**TASK:** Everything in the listing that follows should be reproduced exactly except the pictures.

**INFORMATION SHOWN:**
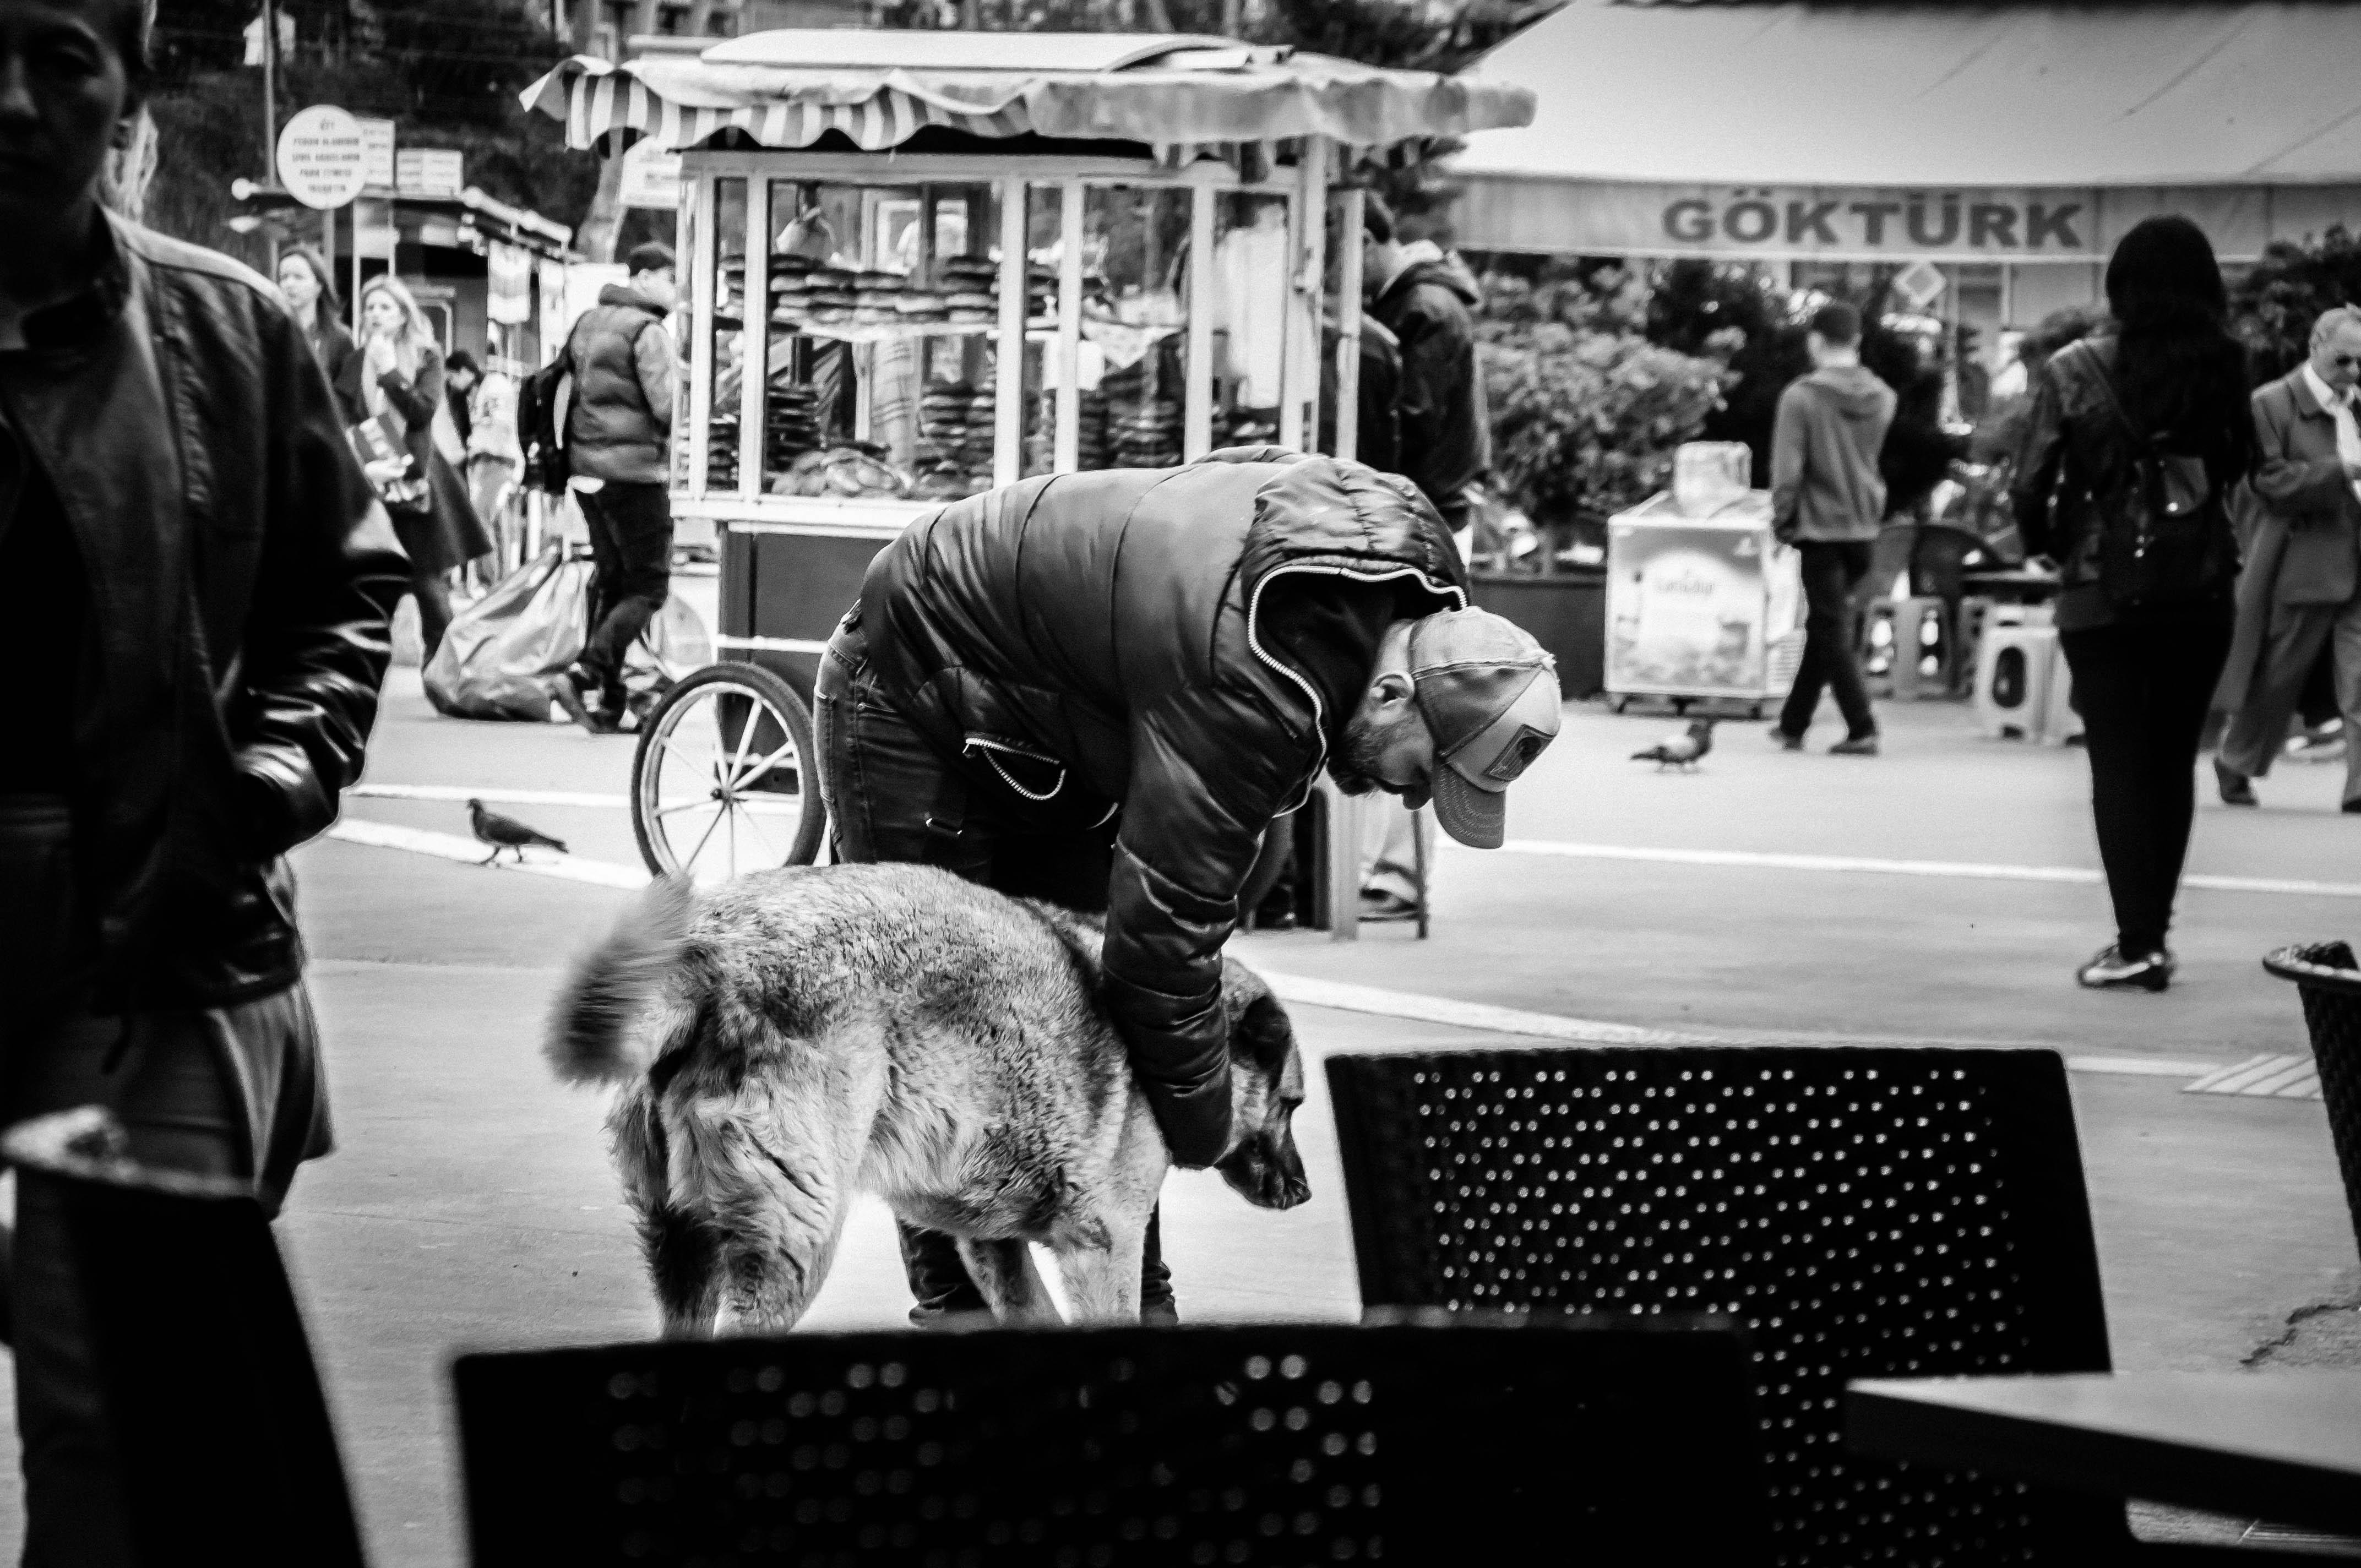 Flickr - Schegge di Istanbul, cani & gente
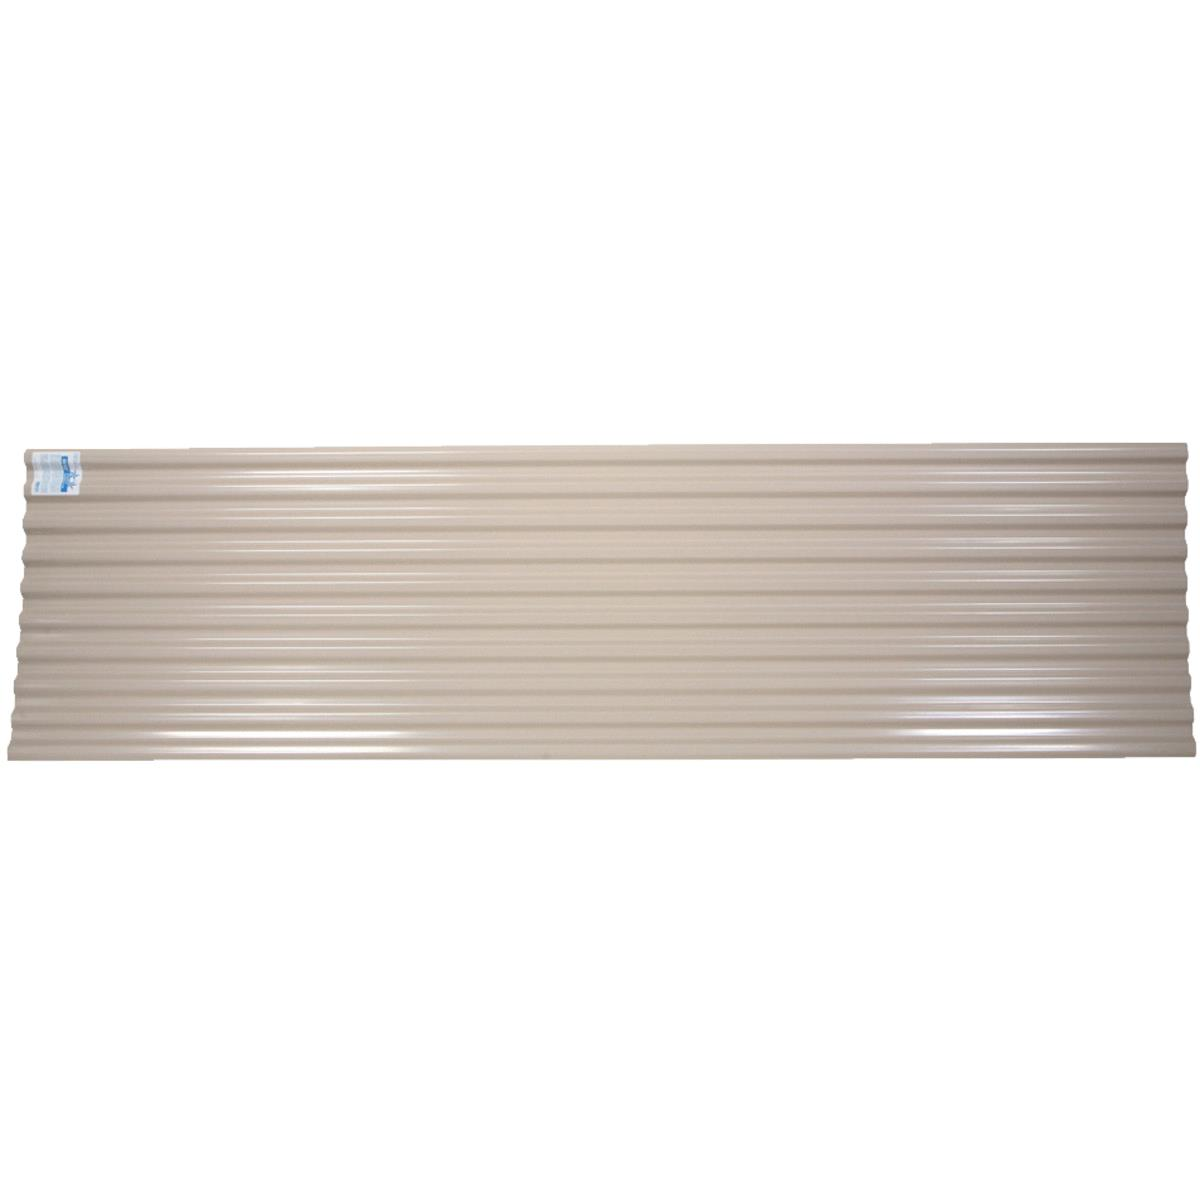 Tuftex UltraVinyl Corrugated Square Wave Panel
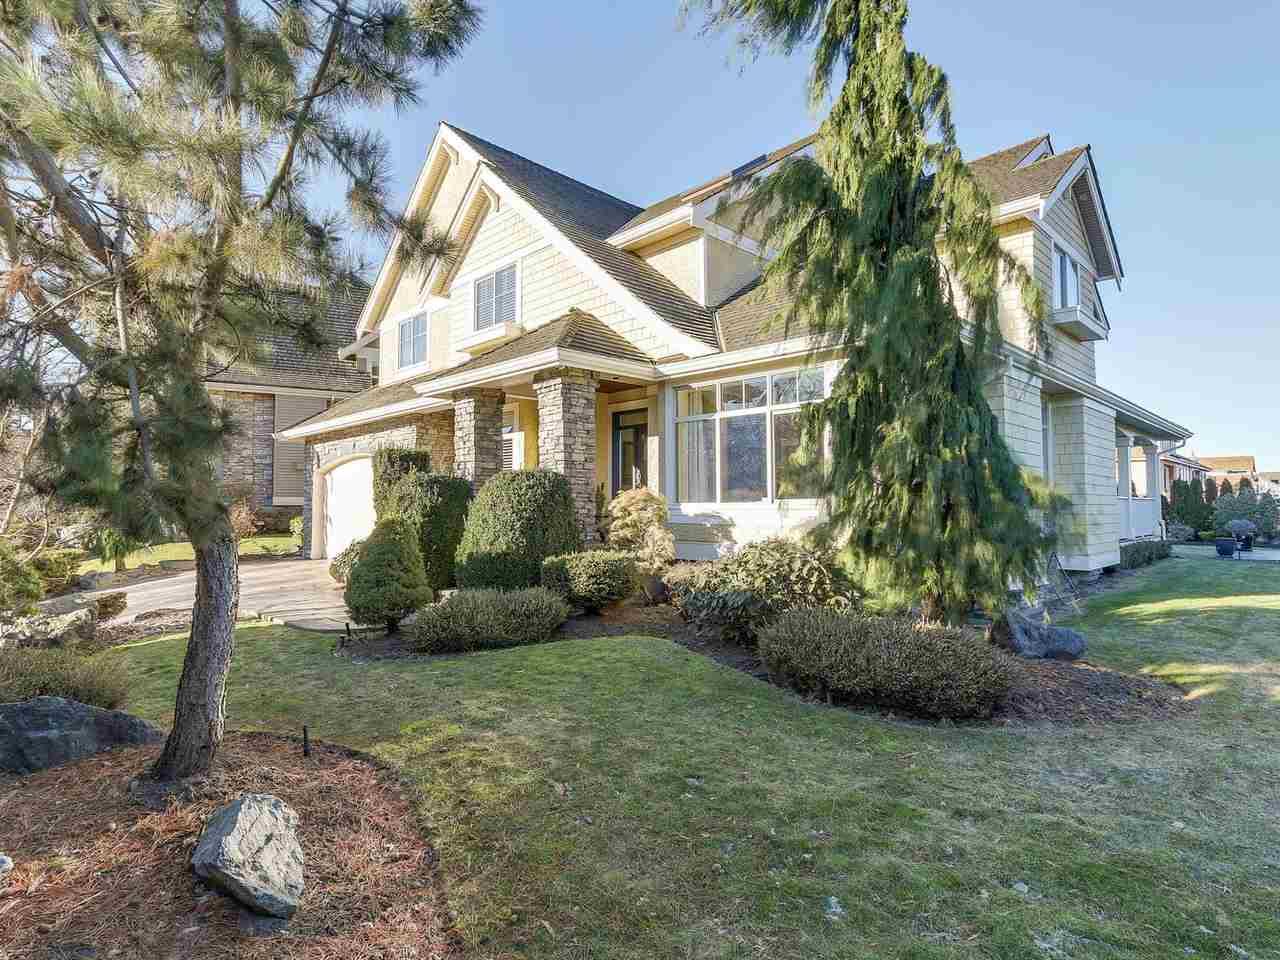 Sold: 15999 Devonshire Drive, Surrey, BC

**RESULT:**
 Flickr - Schegge di Istanbul, cani & gente
 Tuftex UltraVinyl Corrugated Square Wave Panel
 Sold: 15999 Devonshire Drive, Surrey, BC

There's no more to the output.